Can we just scale up Denmark?

The ever-inquisitive Matt Yglesias asks why the successful social welfare policies of smaller countries cannot be scaled up to a larger level.  I don’t know of serious work on this question (there are papers on whether smallness is an advantage for economic growth, but that is not the same issue), so we should not jump to hasty conclusions.  Nonetheless I can think of a few factors:

1. Perhaps homogeneity is the advantage, not smallness per se.  So a Denmark of 150 million people might work quite well, if only there were 150 million Danes.  There aren’t, and if we imagine the Danish population growing they might not stay so homogeneous in nature.  Peer effects dissipate or perhaps turn negative at some scale.

2. Perhaps the ability to dispense with federalism helps government efficiency in small countries.  I favor federalism for larger units, such as the United States, but I think of it as a necessary evil.  Singapore and New Zealand don’t have much federalism, nor should they.

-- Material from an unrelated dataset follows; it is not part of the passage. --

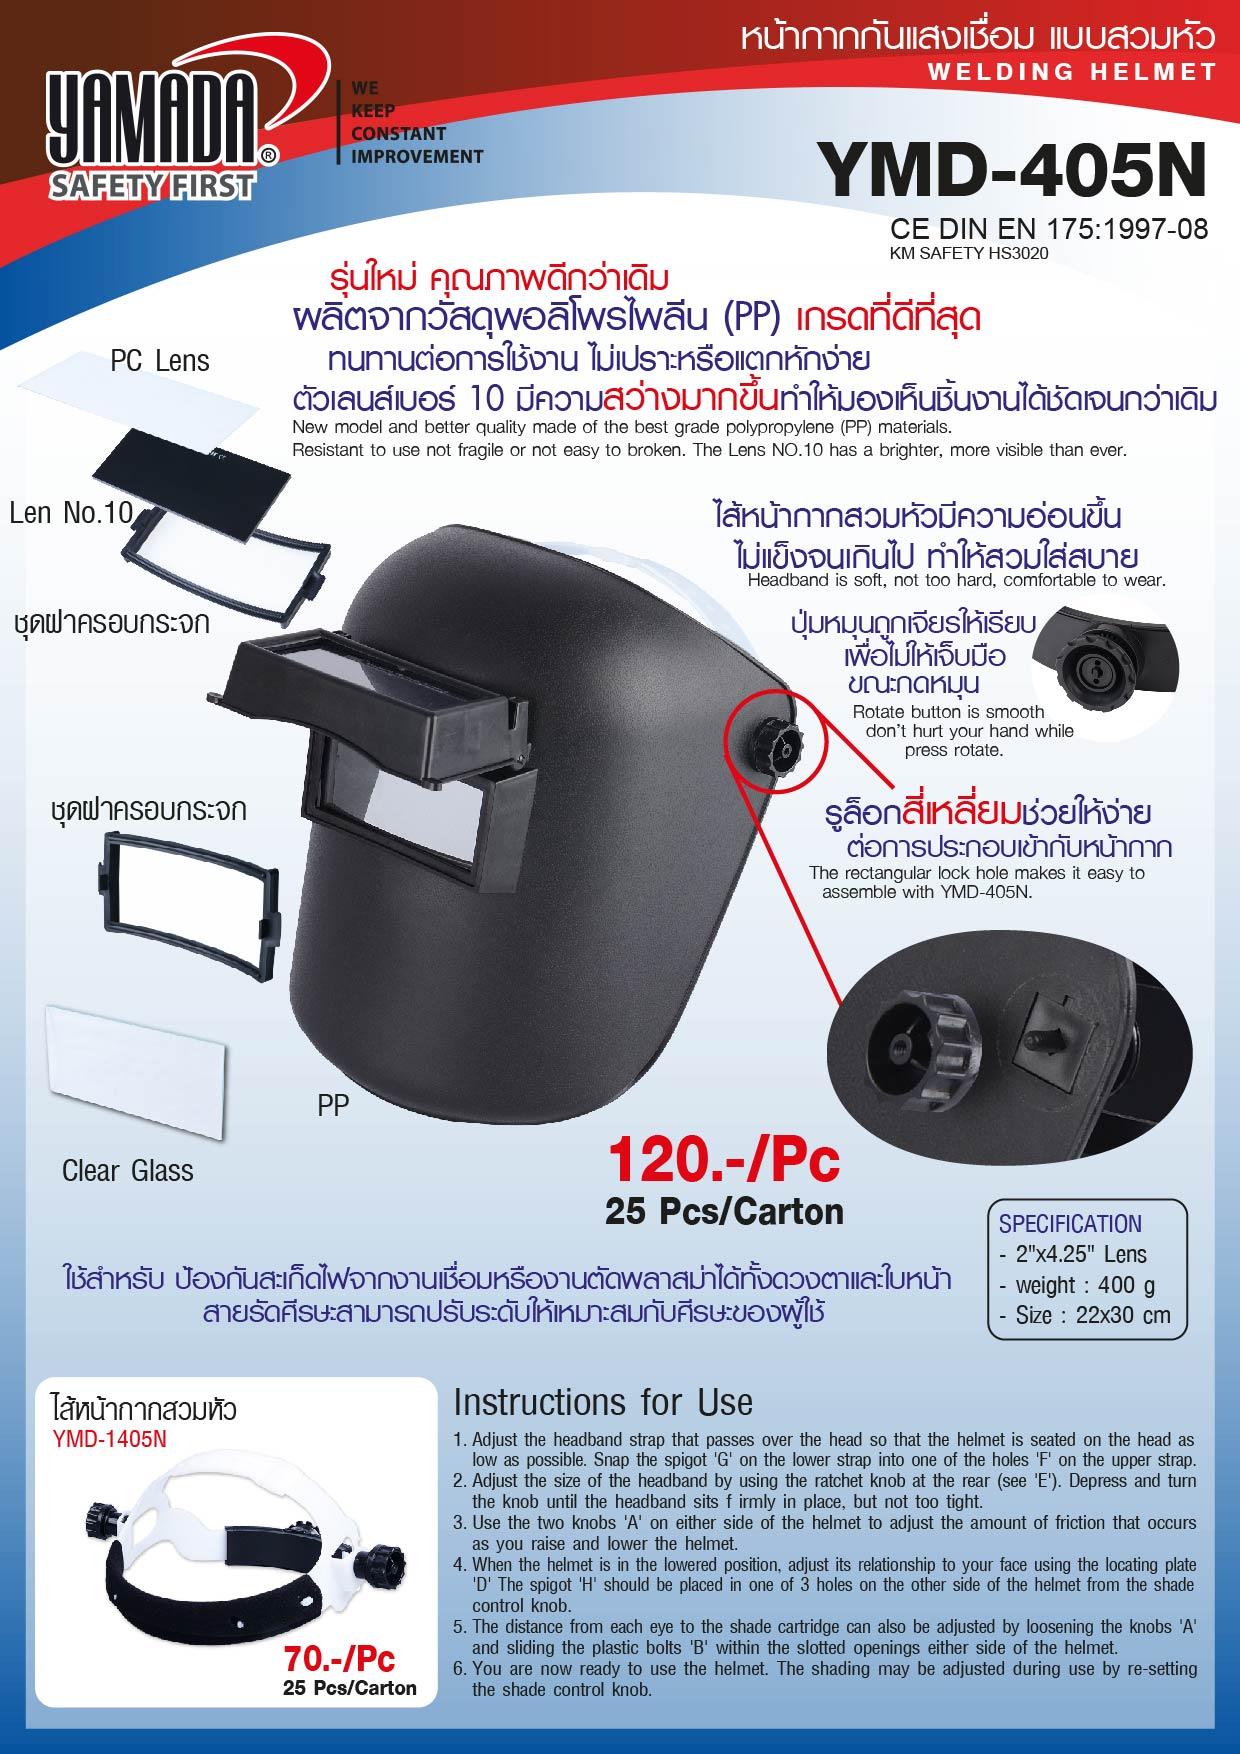 (165/268) หน้ากากกันแสงเชื่อม แบบสวมหัว - Welding Helmet YMD405N

3. Concentration of power in a major city may account for some of the special properties of small countries.  It is often striking how many of the small-country elites went to the same high school, and they can strike efficient political bargains relatively easily; postwar Austria has been cited as an example.  Larger size makes these Coasian bargains impossible.  Note that Stockholm, Copenhagen, Helsinki, and Oslo are all far more important than the second cities in those countries. 

4. Feelings of social solidarity are limited across space and across numbers, and this simply won’t change.

5. Orderly countries aren’t very interested in larger political units.  The Nordic countries have in the past existed in larger political confederations, but somebody always was persnickety enough to break away.  Many of the Nordic countries, even today, are relatively skeptical about the EU.